Thank you for chiming in, Jennifer. You always give fantastic advice. I've seen so many authors switch agents because of communication issues, but being able to have the type of conversation you described can help make communication and other important aspects of the agent/author relationship clear ahead of time.
Quote from: literaticat on May 13, 2017, 12:13 PM
If I offer for a client, we've usually had a bit of correspondence and they have done their due diligence -- so they will certainly have many of their questions answered via the website, etc -- but I also have a "spiel" in which I preemptively answer a LOT of questions (the FAQ, if you will) -- and I fully expect us to talk for an hour or more on the phone to answer any FURTHER questions. I personally LOVE LOVE LOVE answering questions.
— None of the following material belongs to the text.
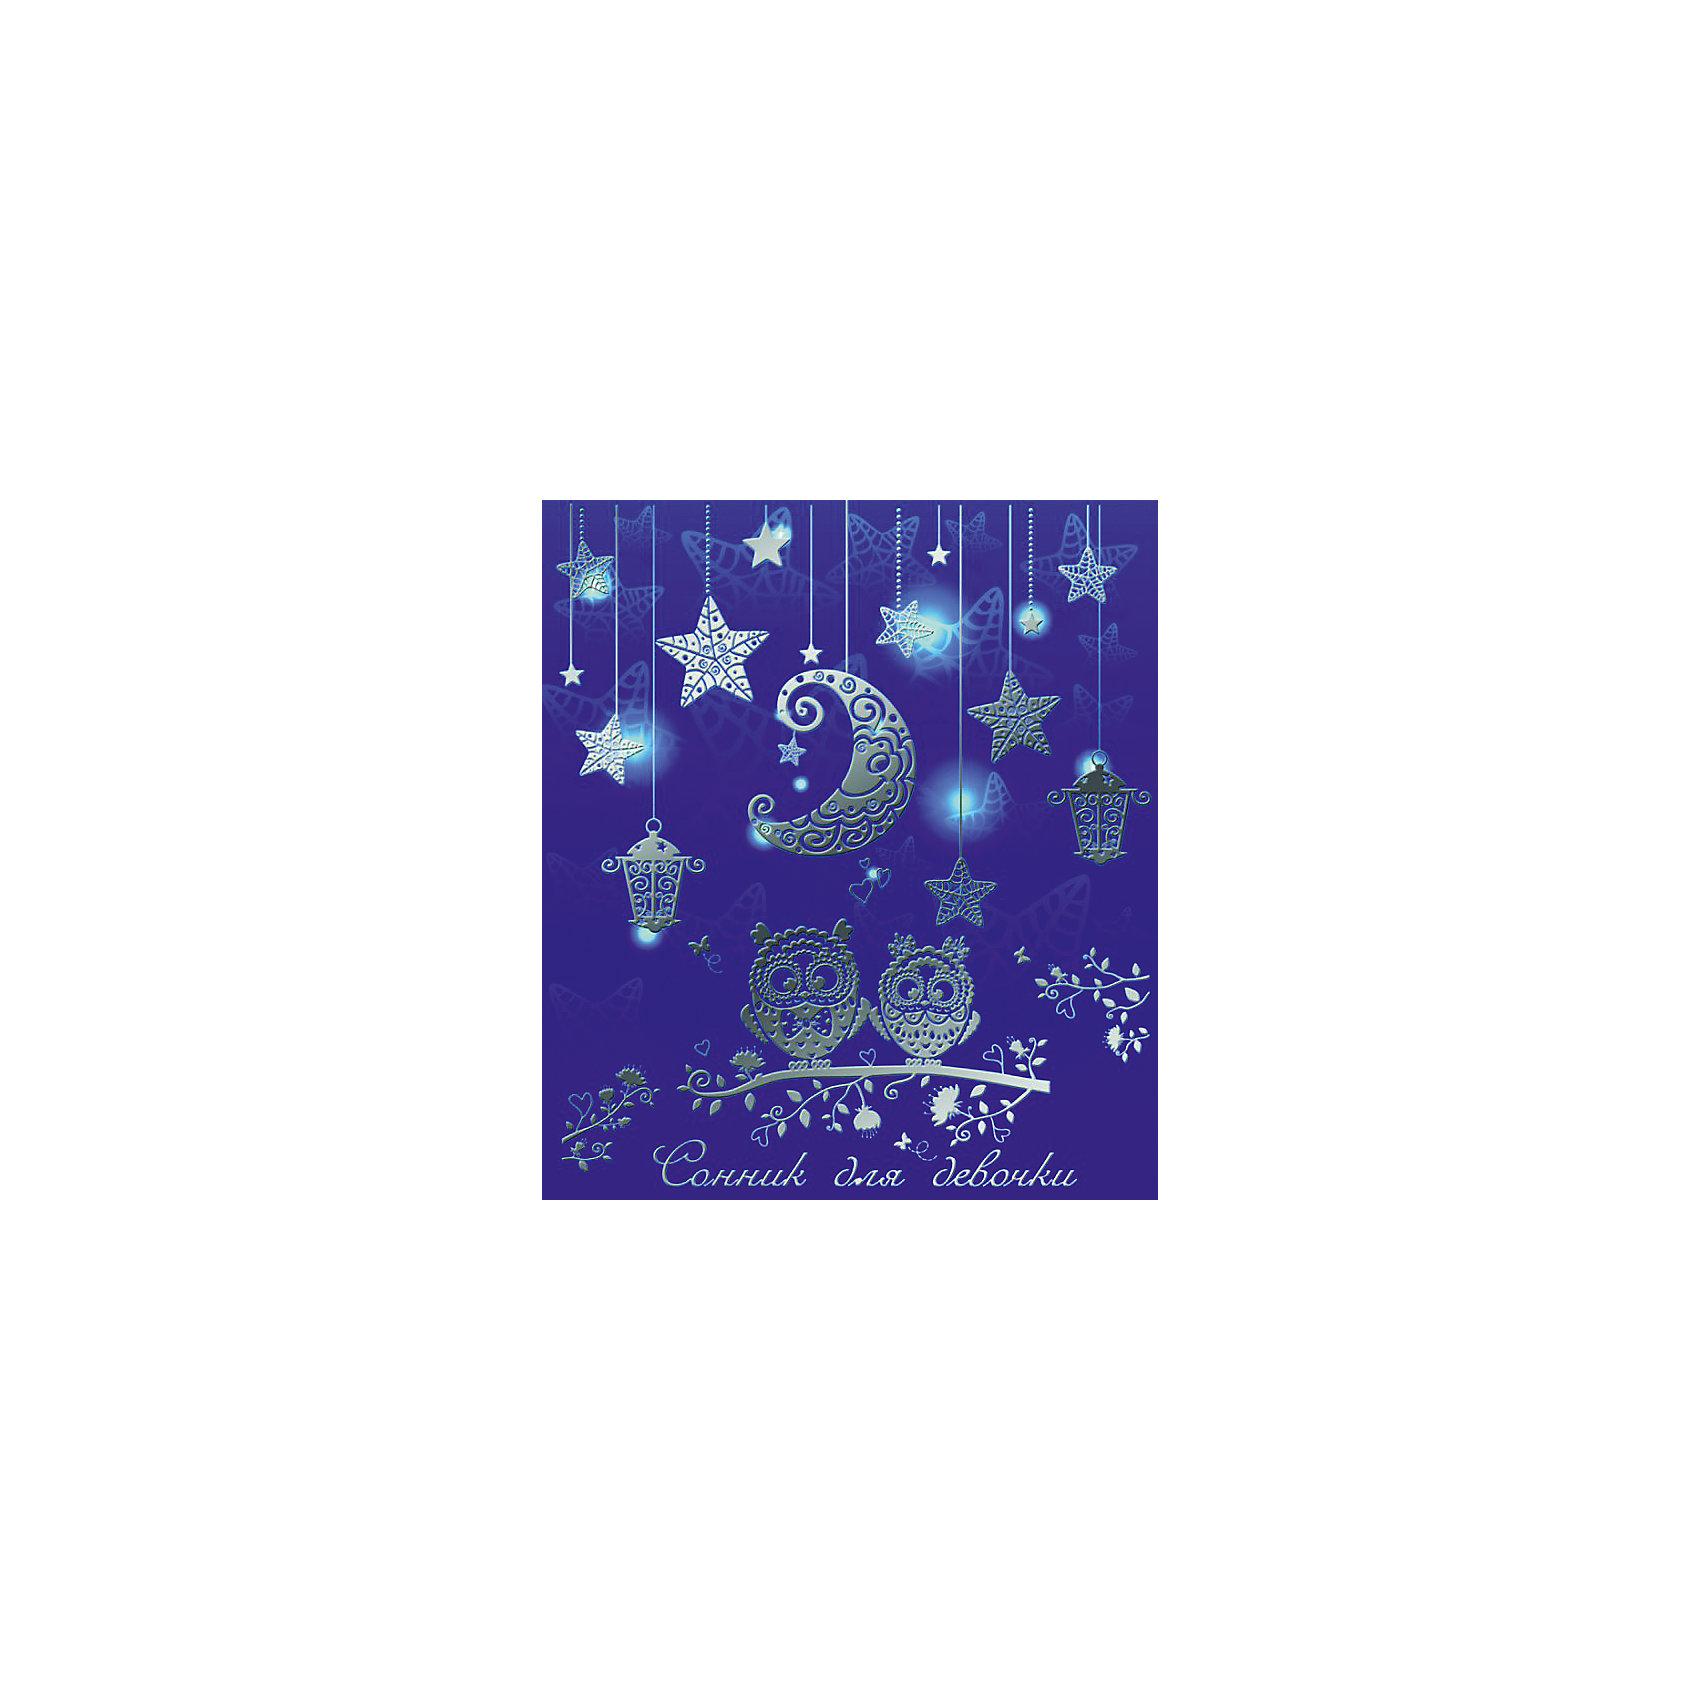 Сонник для девочки Сказочный сонПрекрасный сонник для юной принцессы! В нем Вы сможете узнать подробное толкование сна малышки.<br><br>Дополнительная информация:<br><br>- Возраст: от 6 лет.<br>- Издательство: Феникс.<br>- 256 страниц.<br>- Год издания: 2014 г.<br>- Переплет: твердый.<br>- Материал: картон, бумага.<br>- Формат: А6.<br>- ISBN: 4606008280930.<br>- Размер упаковки: 1,3х15,2х17,1 см.<br>- Вес в упаковке: 272 г. <br><br>Купить сонник для девочки Сказочный сон можно в нашем магазине.<br><br>Ширина мм: 13<br>Глубина мм: 152<br>Высота мм: 171<br>Вес г: 272<br>Возраст от месяцев: 72<br>Возраст до месяцев: 2147483647<br>Пол: Женский<br>Возраст: Детский<br>SKU: 4943437

I am an open book, and DELIGHT in bragging about my clients, so why not submit to as much question-asking as possible?  They should feel comfortable asking me anything -- even "obvious" questions -- because my ability to clearly answer questions and "translate" for them will be VITAL in our communications throughout their career.  I don't want any potential client to feel like they are being a pain by wanting to know things.

As to having met clients before -- this is pretty rare, in my experience. There are some clients I have repped for years and STILL never met. Of course it is nice when it happens - but it usually happens AFTER I've been repping them. The idea that going to conferences is an expected or required element to gaining representation is simply false.

I also agree with Marcia--conferences are awesome for improving craft and surrounding yourself with others who love children's lit as much as you do (which can be an incredible way to find support, information, critique groups, etc.) It's always great to meet agents and editors there, and I've seen magical connections happen--but only for one or maybe even a few people per conference...out of hundreds of participants.

Yay that you're going to your first conference soon, Katie! Hopefully, we'll get the chance to meet at one in the future.  I can't wait to hear all about it. :)

dewsanddamps

Quote from: Mindy Alyse Weiss on May 13, 2017, 02:35 PM
Yay that you're going to your first conference soon, Katie! Hopefully, we'll get the chance to meet at one in the future. 

I would love that, Mindy!  :stars3

Learning to Swear in America, 2016
What Goes Up, 2017
The Constitution Decoded, 2020
The Presidents Decoded, 2023
Hearts on Thin Ice, 2024

rab

Since the title of this thread is about questions to ask a prospective agent, here's a link to agent Jim McCarthy's Twitter feed, which begins with a post on that very topic: https://twitter.com/JimMcCarthy528

dewsanddamps

Thanks, Rebecca! That's a great list.
Learning to Swear in America, 2016
What Goes Up, 2017
The Constitution Decoded, 2020
The Presidents Decoded, 2023
Hearts on Thin Ice, 2024

Ev

Yes, a wonderful list, Rebecca! Thank you for sharing.